A hypothesis-generating post hoc analysis of TORCH (Towards a Revolution in COPD Health) indicated that the ICS/LABA combination salmeterol/fluticasone propionate might have beneficial effects on reducing CV events in certain subgroups of patients, such as those receiving CV medications at baseline or with moderate COPD [89]. The SUMMIT study investigated this hypothesis by comparing fluticasone furoate/vilanterol, respective monotherapies, and placebo in patients with moderate COPD and CVD or multiple CV risk factors [92]. Fluticasone furoate/vilanterol did not significantly reduce the risk of mortality versus placebo and there were no significant differences when data were analysed by age, sex, baseline therapy or presence of CVD [92]. In addition, there was no effect on the composite CV endpoint [92]. Why SUMMIT did not reproduce the results of the TORCH post hoc analysis is unclear. This could reflect differences in the efficacy of the treatments used, or other methodological considerations related to RCTs [68], as discussed above.
Data on the CV risks or benefits of ICS or ICS/LABA combinations in observational studies are also mixed, with reports that low-dose ICS (50–200 µg·day−1) may be associated with a reduction in the risk of acute MI in patients with COPD [87]. Although observational studies have indicated that ICS have benefits on CV mortality, RCTs have not shown any significant effect on CV death [88]. To date, no studies have been designed to investigate the effect of ICS/LABA/LAMA combination therapies on CV events; however, RCTs comparing ICS/LABA/LAMA with LAMA/LAMA or ICS/LABA combinations have provided no evidence of an excess CV risk with triple therapy [143, 144].
Other COPD treatments
Phosphodiesterase-4 inhibitors, such as roflumilast, are recommended as an additional therapy on top of triple therapy (a combination of ICS, LABA and LAMA) in inadequately controlled patients in Global Initiative for Chronic Obstructive Lung Disease (GOLD) Group D [1]. Phosphodiesterase inhibitors have anti-inflammatory effects, can reduce the risk of exacerbations [145] and may therefore have beneficial effects on CV events in patients with COPD and increased CV risk. Available data are limited, however, a lower rate of major CV adverse events (AEs) with roflumilast versus placebo has been reported [96]. A more recent meta-analysis did not identify any particular CV safety signal with roflumilast, but it did report an increased incidence of some (non-CV) AEs, which led the authors to conclude that further, long-term safety studies were needed [146].

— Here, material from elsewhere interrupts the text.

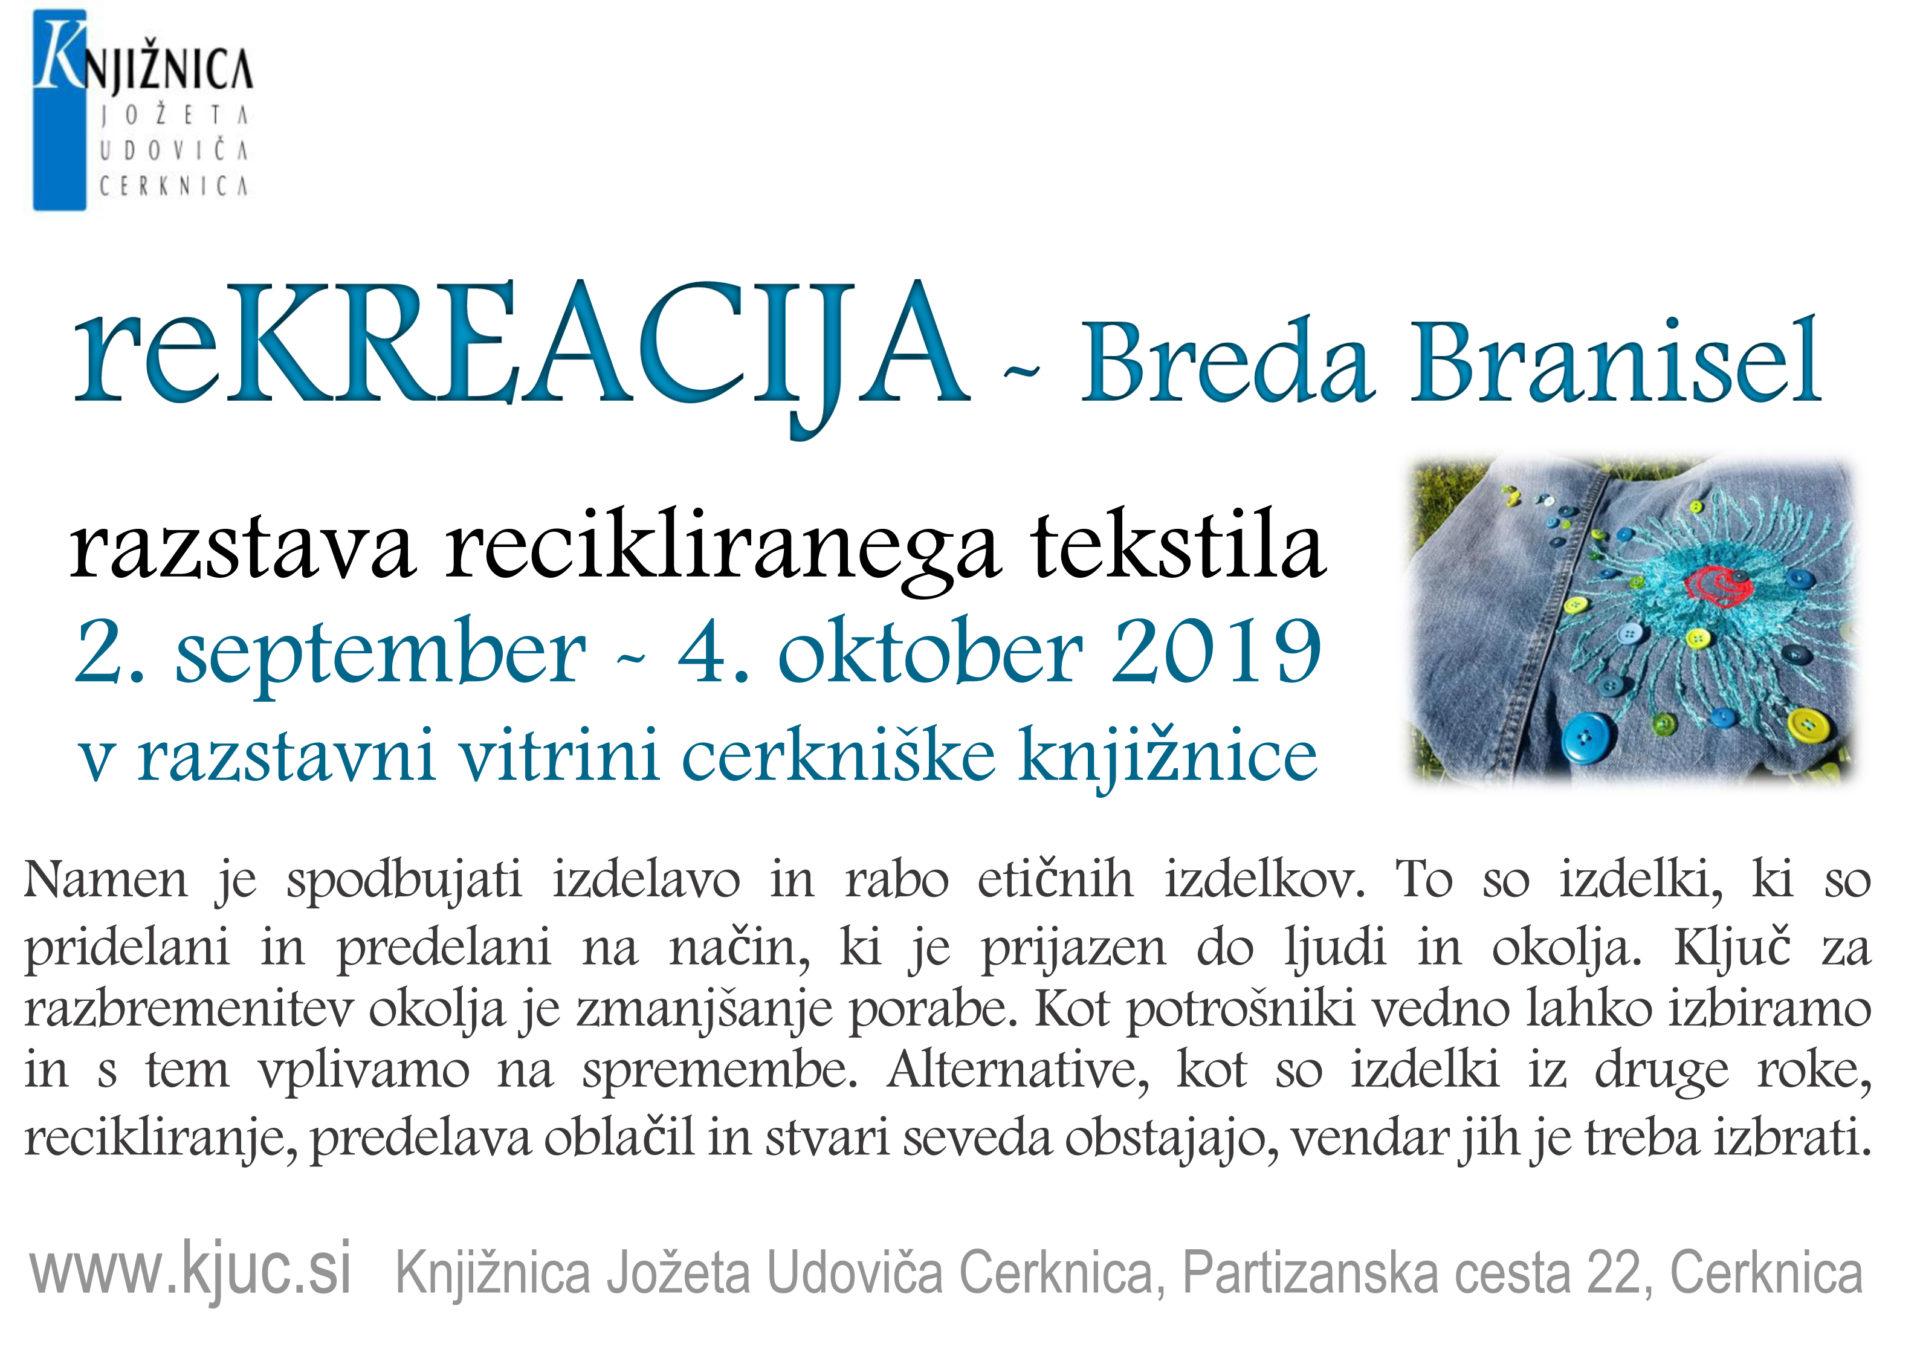 reKREACIJA vabilo - reKREACIJA - Breda Branisel - razstava recikliranega tekstila

Theophylline, a further possible treatment for COPD, [1] has anti-inflammatory effects [147] and intravenous theophylline reduces pulmonary vascular resistance (PVR) and improves ventricular function [148]. However, high doses of theophylline have been linked to changes in cardiac electrophysiology [149]. Weak associations of theophylline and arrhythmias, AF and supraventricular tachycardias have been suggested by a UK case-control study [95], and a cohort study of 12 301 subjects from Canada indicated that the rate of CV death was greater in users of theophylline (with most deaths occurring in individuals with pre-existing conditions) [94]. While this latter analysis was not specific to patients with COPD, the balance of available data suggests that theophylline should be used with caution in patients with COPD and CVD.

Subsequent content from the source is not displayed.